This blog was started as a way to keep family and friends informed about what is happening in our lives, especially to show pictures and tell stories about Morgan (and now Piper). We do not live close to most of our family, so this was a good way to keep in touch with everyone. I've been finding more and more, especially lately, that it is a good outlet for thoughts that may not be so "nicey-nicey" (I know that's not a word, but it's what came to mind). It really helps me put some things in perspective. I don't want it to be a place where I just complain, so I will do my best to balance these things with cute photos of a smiling toddler and baby, but I also want to be real...and life is not always so "nicey-nicey."
I had a thought this morning (or Tuesday morning as I am scheduling this to post on Wednesday)...and this is amazing because I had the WORST night with Piper. She is in the middle of what can be known as the "4 month wakeful period." Not that she's been a great sleeper. Ever. But, she's waking up at least 3 times every night lately. I'm so tired. This morning Morgan also woke up at 5:15 and whined and whined and wouldn't go back to sleep. I lost it. I won't give you the gory details, but poor David had to endure it. He took over and gave Morgan breakfast which let me rest (not really sleep) for another hour. He saved my day.

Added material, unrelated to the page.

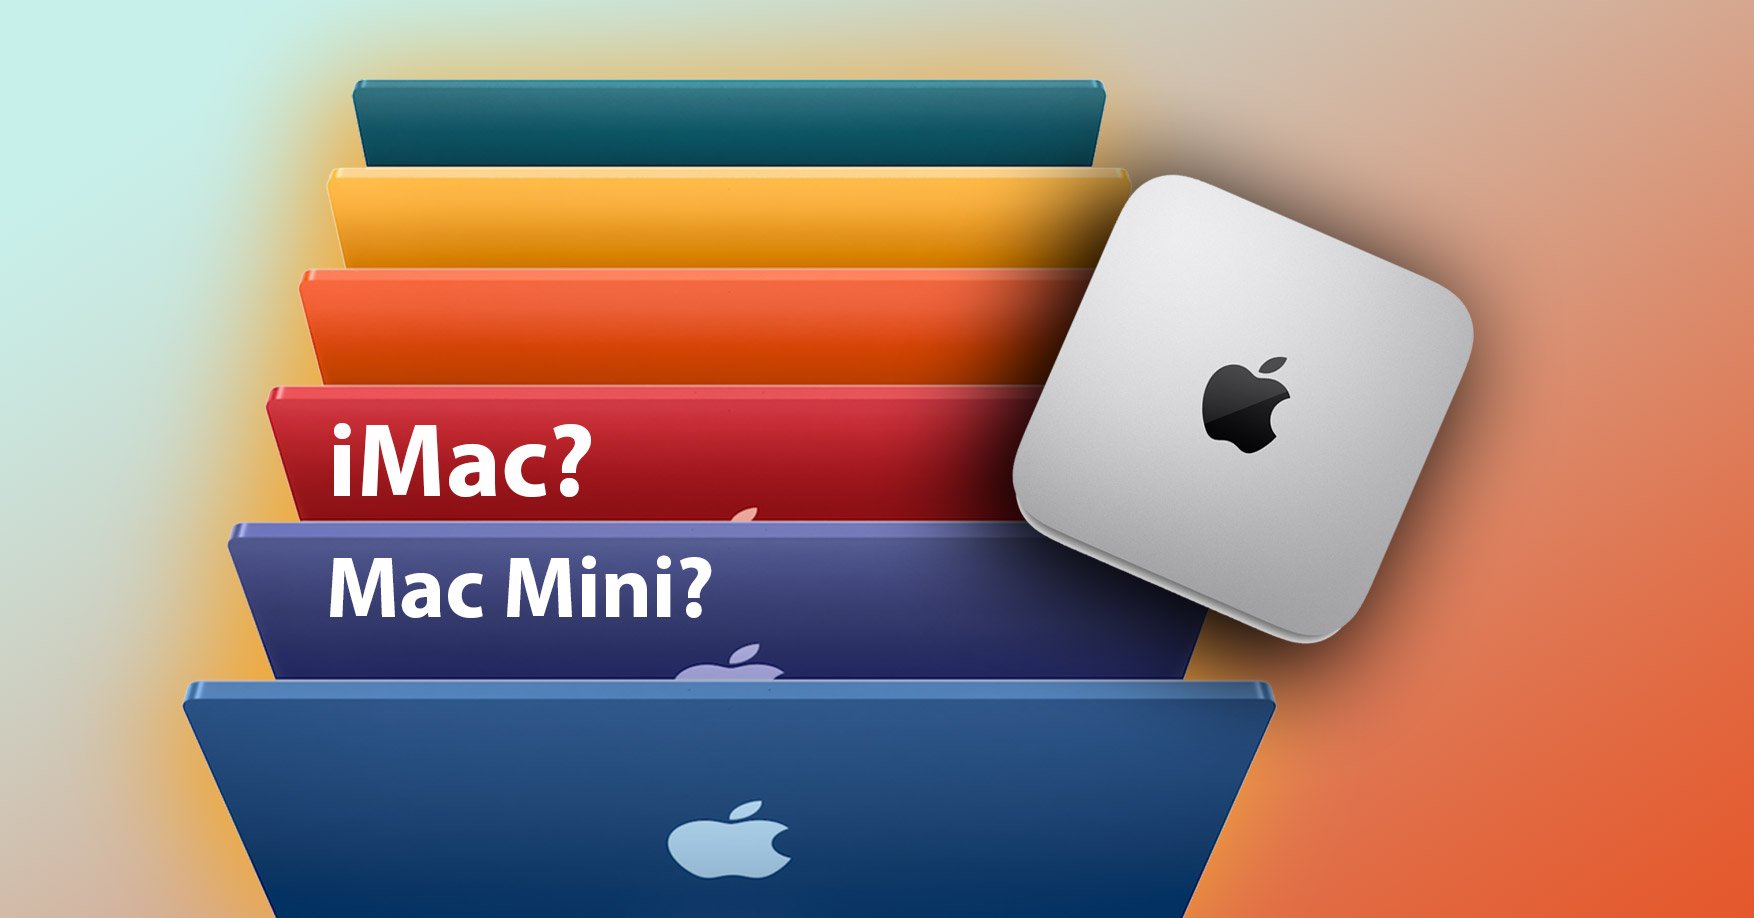 Thay vì mua iMac, mua Mac Mini + màn hình 4K thì có tiết kiện tiền hơn không?

Interestingly enough, I found this quote on a blog I read regularly (dooce.com).
"There is no reason whatsoever to freak out about those things, but when you let sleep deprivation creep up on you, or certain other parts of your life start to spin out of control, those little things can seem like a giant concrete wall holing you up inside a bottomless pit."
This woman just knows how to say what I can't put into words. She is a mom of two with a new baby and deals with depression and anxiety. She has an amazing sense of humor and knows how to cut to the chase. I love reading her posts because I relate so well. Please read her post to get the context, but she's talking about how a lot of small things can just add up to completely overwhelming you. This morning I felt like I was in that bottomless pit. For me, to get through it I just have to keep moving. Getting out of the house helps. We made our occasional "pilgrimage" to the Babies R Us on the northside of town. They only had one of the things I wanted, but it was helpful to get out nonetheless. The pit doesn't seem so bottomless right now.
I had another epiphany this morning, but it is too much for this post. I will post more tomorrow... thanks for reading.